Он очнулся, со лба его катился холодный пот. Если сейчас он спросит о СПИДе и окажется, что речь идет совсем о других анализах, он сядет в калошу, иными словами, на глазах у всех распишется в своей неинформированности. Все будет выглядеть по-идиотски. А этого нельзя допустить. Надо выждать время, пока кто-нибудь не проговорится, не скажет слово, от которого, быть может, теперь зависит жизнь самого Кравцова.
– Она что, залетела, что ли? – кроткое розовощекое лицо красивой Олечки Драницыной повернулось к Тамаре. – Что вы все ходите вокруг да около?
Она спасла его, эта спокойная и умная Драницына, с которой можно иметь любое дело и быть уверенным в том, что тебя не подставят. Побольше бы таких девчонок. Без комплексов.
– Да-а, говорят тебе… – выпалила, словно выдала чужую тайну, Жанна Сенина.
– Подумаешь… Выпить-то за нее, конечно, тоже надо, но Вадима мне почему-то жалко больше. Я вот смотрю на вас, на ваши кислые рожи и понять не могу, чего вы все ждете? Не наливаете? Кого ты, Кравцов, из себя строишь?
Теперь уже удивилась Тамара, у которой бразды правления этой маленькой сволочной компании выскользнули из рук так же стремительно, как и оказались там, – все теперь смотрели на Олечку Драницыну, уверенно наливающую водку в граненые стаканы, заботливо и молчаливо поставленные перед каждым Максимом Олеференко. Твердость ее голоса заставила закрыть рот даже Виктора, который только что собирался произнести тост.

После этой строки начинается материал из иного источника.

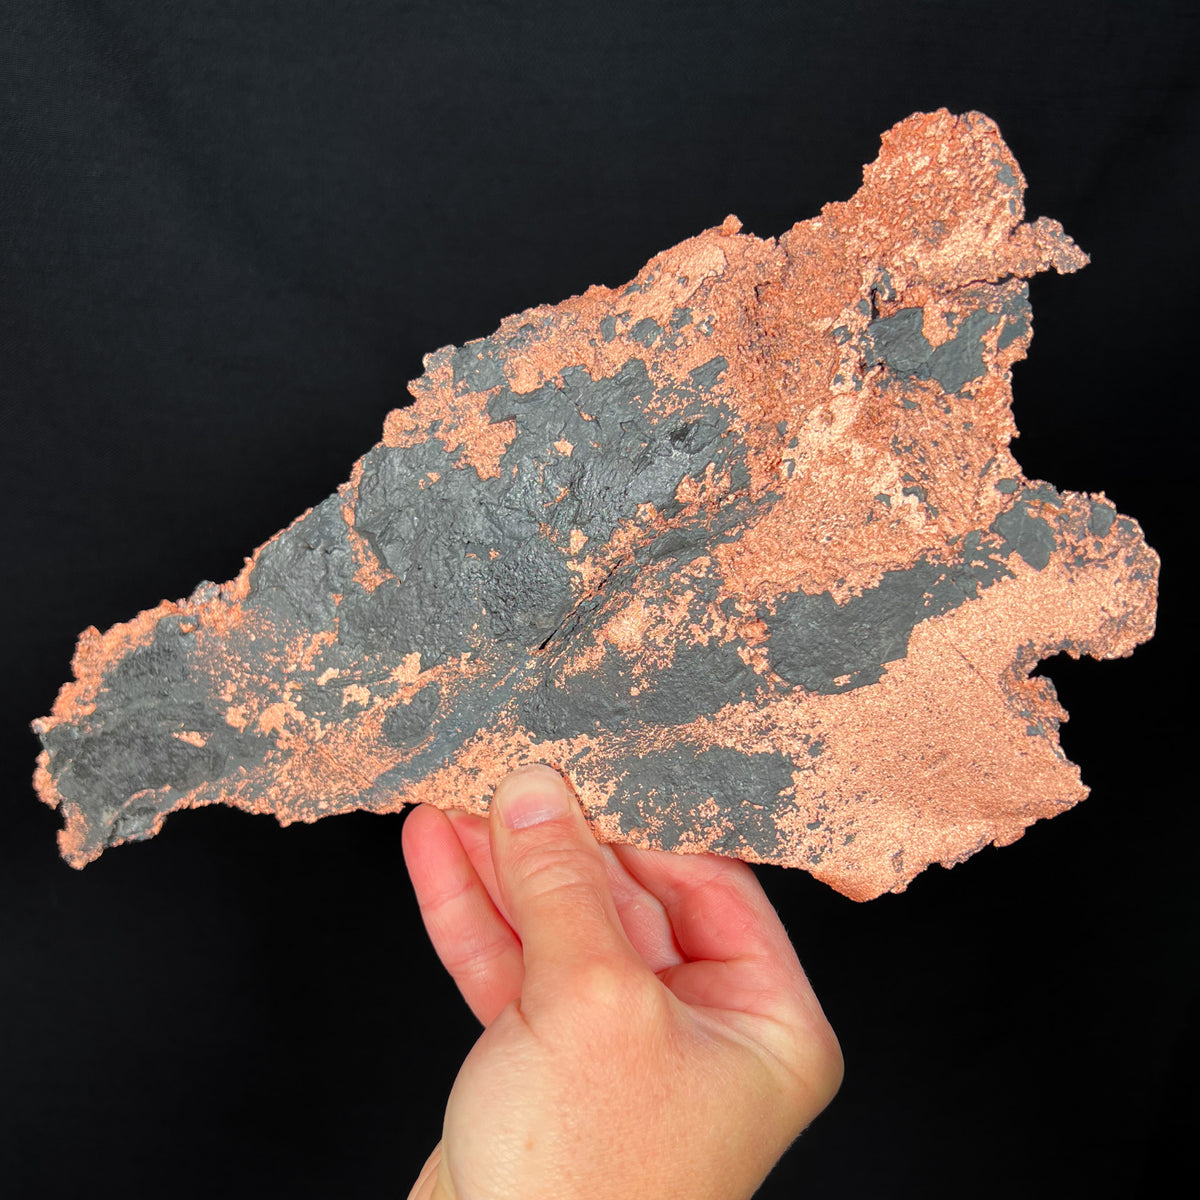 Native Copper with Shale, Upper Peninsula, Michigan
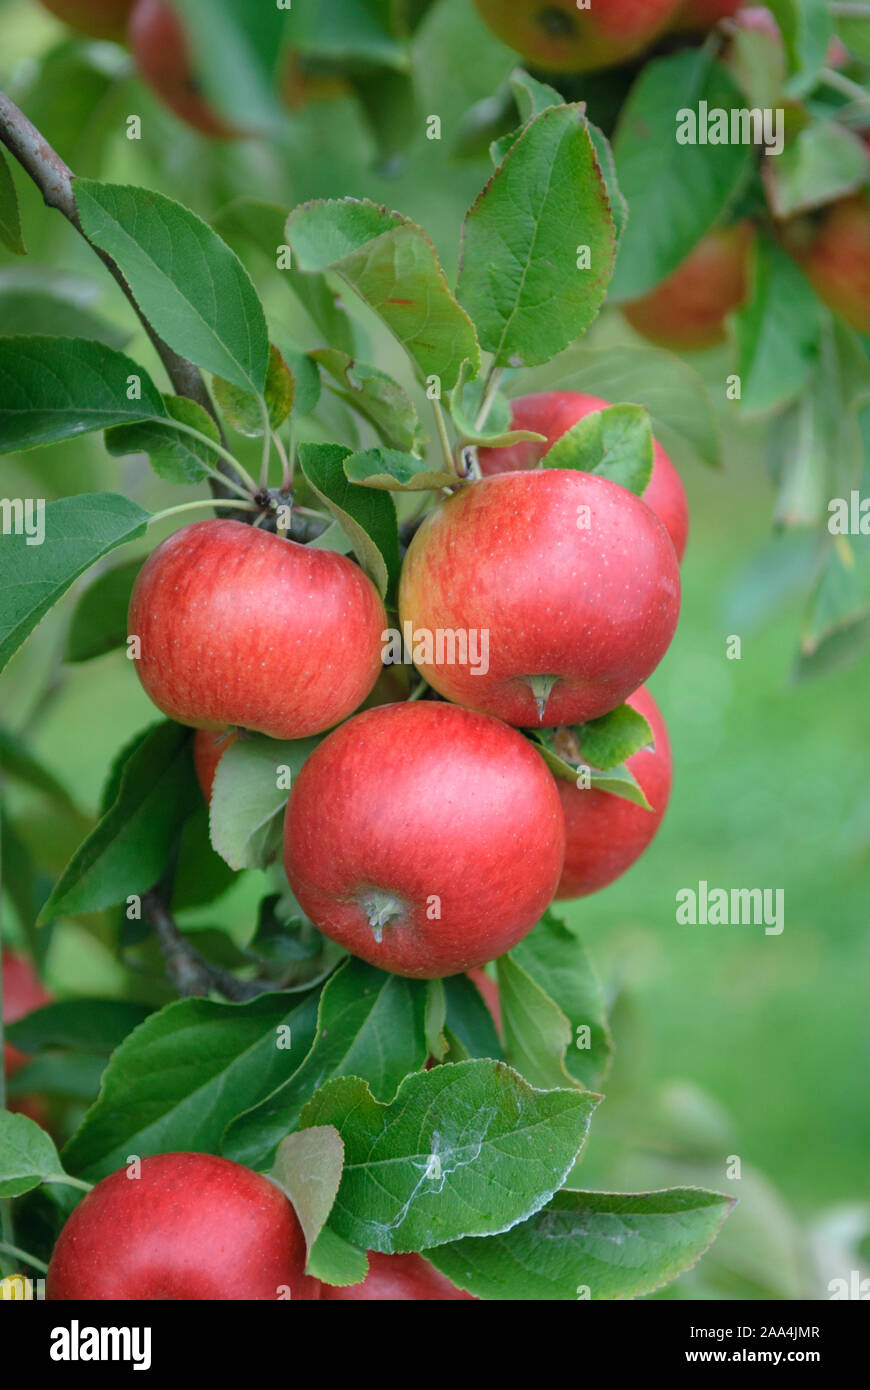 Apfel (Malus domestica 'Topaz' Stock Photo - Alamy

– Вы пейте, – между тем продолжала Оля, ни на кого не глядя и потроша пачку с чипсами. Опустив внутрь блестящего пакета пальцы, она достала хрустящие жирные и красные от перца аппетитные кругляши и отправила их в рот. – А я лучше поем… Мне некогда, у меня дома дела, матери надо помочь…
– Вообще-то мы никого не держим. – Жанна Сенина развела руками и посмотрела с опаской на Перепелкину: одобряет ли та ее реплику и, главное, позицию в отношении Драницыной.
Но Перепелкина даже не взглянула на свою «шестерку», она просто залпом, не чокаясь, выпила водку и закусила хлебом. За ней последовали и остальные.
Спустя полчаса, когда была выпита и вторая бутылка водки, Катюша Синельникова, которая подошла к окну, чтобы продемонстрировать Кравцову (который почему-то весь вечер не смотрел на нее, а просто-таки пожирал глазами Драницыну) свою кожаную короткую юбочку, а заодно и стройные ножки, вдруг сказала:
– Смотрите, а наши придурки в футбол гоняют…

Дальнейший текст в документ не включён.